Reduce dal flop commerciale degli Illegal e dalla innegabile bruttezza del loro album d'esordio, Jamal Phillips si legò per breve tempo alla Def Squad di Erick Sermon & C. e, oramai persa l'allure da baby rapper, nel '95 decise di pubblicare un album che potesse davvero dirsi suo. Al che, sfruttando le conoscenze dell'ambiente, chiamò alle macchine nomi validi e/o eccellenti come Easy Mo' Bee, Erick Sermon e Mike Dean, mentre al microfono decise di farsi aiutare esclusivamente da membri della Def Squad -Redman in primis. E, volendo dare a Cesare quel che è di Cesare, decise di non farla lunga e di consegnare ai posteri un album costituito da sole undici tracce senza nessuno skit. Che dite, sulla carta pare funzionare, o no?
Certamente sì, senonché il suo successo si limita appunto alla pura teoria e, al massimo, a due o tre canzoni. La prima sarebbe indubbiamente Fades 'Em All nella sua versione remixata da Pietrino Roccia, la quale però sfortunatamente non è presente sull'album; peccato, perchè l'originale, priva del tiro dato dal campione effettato dal Soul Brother, perde pressochè interamente la sua ragion d'essere. Pazienza: meglio va con il secondo singolo, quella Keep It Real prodotta da Erick Sermon che fa del loop di piano di Stevie Wonder il suo punto di forza, regalandole un'atmosfera a metà tra un club jazz ed un set di soft porno; per converso, l'iniziale Live Illegal è un pestone semplice ma efficace costruito su un ottimo ritornello cuttato e su quel boombap molto lento che caratterizzava le produzioni di Easy Mo' Bee dell'epoca, e che, con la sua breve durata (soli tre minuti), ai tempi dell'uscita del disco sarebbe stata definita «phat» con la piacca. Last but not least, menzionerei la posse cut Genetic For Terror: non solo perchè il campione di Boogie Man dei Jackson 5 viene sfruttato in maniera senz'altro valida, ma anche e soprattutto perchè qui Keith Murray e gli altri ospiti (portaborse di quest'ultimo, mentre dei pur annunciati E Double e Redman non c'è traccia) rendono finalmente interessante dal punto di vista lirico una delle tracce di questo Last Chance No Breaks.
Perchè sì, il problema principale di quest'ultimo è che Jamal a rappare è una schiappa.
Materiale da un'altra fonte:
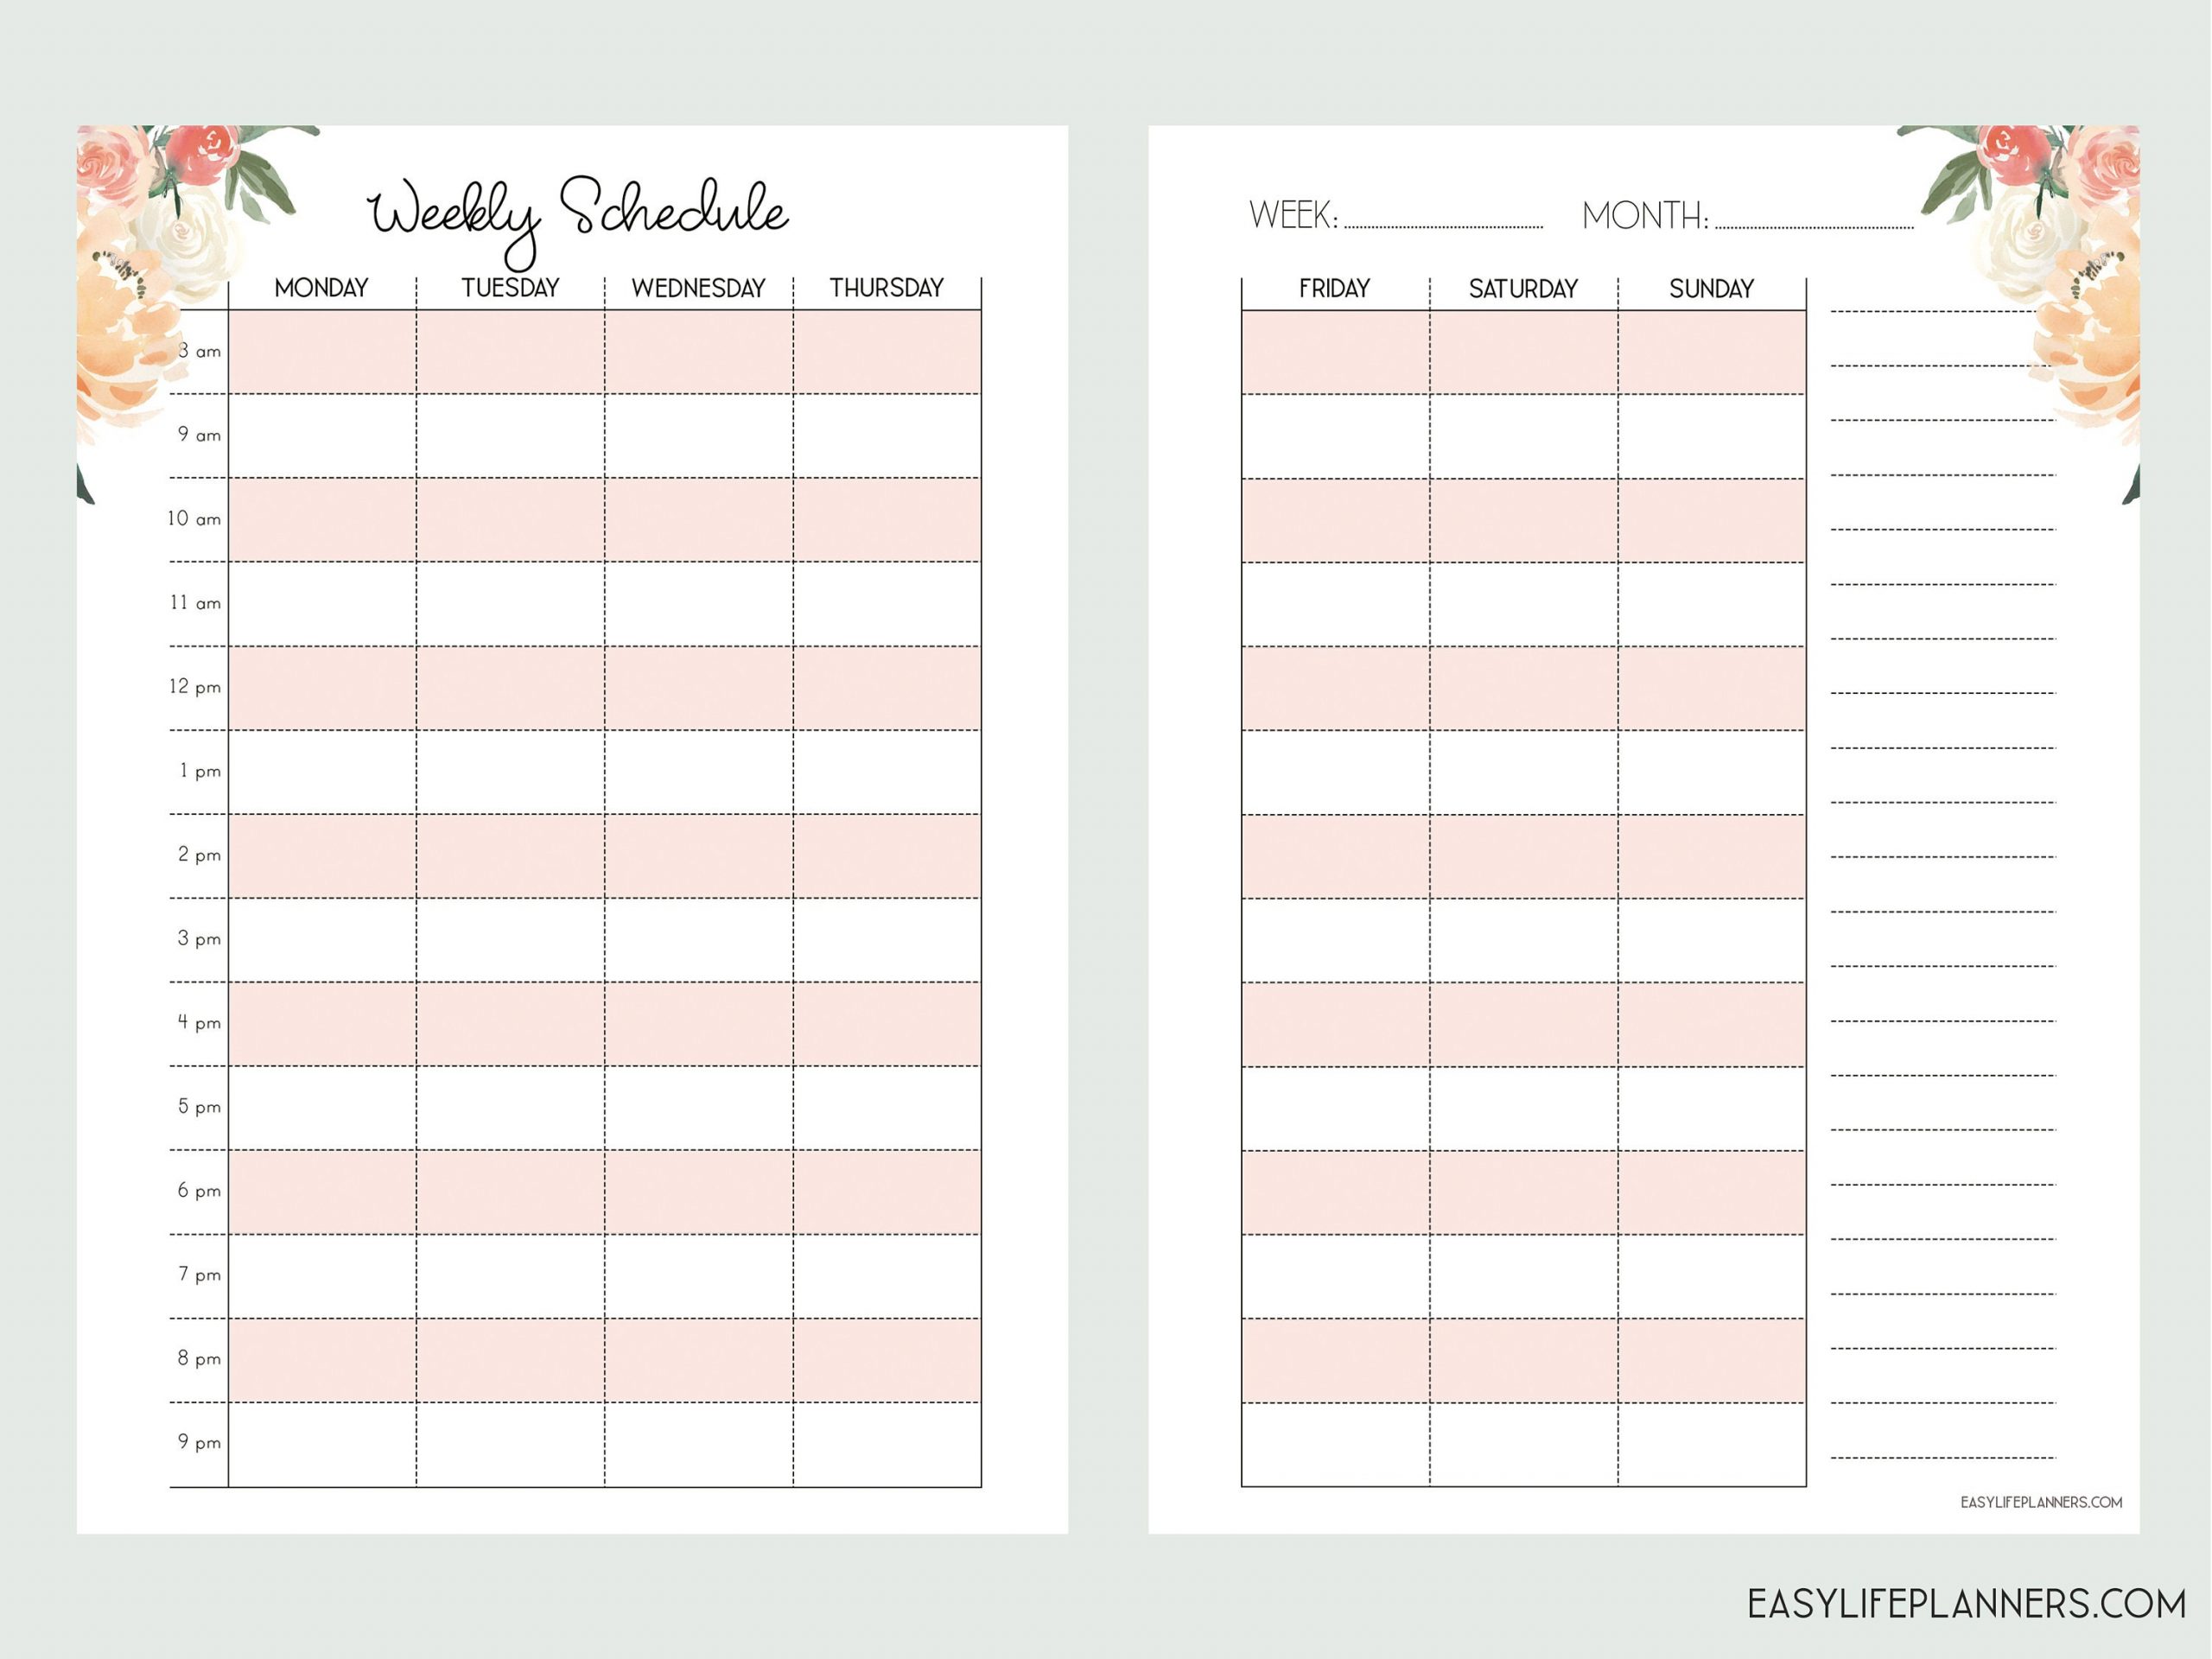 Weekly Hourly Planner Personal Wide Rings Weekly Schedule

Non una schiappa esagerata come, che so, Skee-Lo, ma pur sempre piuttosto fiacco: rigido come una carogna di tonno, la triviale metrica di cui il Nostro fa uso non gode nemmeno delo scudo che può dare -che so- una bella voce o dei testi validi. 'Mal è una sorta di MC a gettone: tu gli dai due soldini e lui rappa, e la cosa finisce lì. E la cosa può anche andar bene se la base che lo regge è di qualità (vedi sopra), ma quando questa s'attesta sui valori medi del genere "90 bpm stile New York millenovecentonovantacinque" allora è inevitabile sprofondare nella sonnolenza più infame e letale. Doppiamente letale se si pensa poi che album come questo non hanno ragione d'esistere al di fuori del puro intrattenimento, e... beh, e francamente piuttosto che farmi intrattenere da Jamal per quarantacinque minuti preferirei fissare una parete bianca. Insomma, non esattamente un fallimento su tutta la linea ma poco ci manca.
Contenuti, zero. Carisma, zero. Competenza, poca. Beat, accettabili. E per giunta non c'è nemmeno il remix di Fades 'Em All: inutile dirvi cosa vale questo disco, no?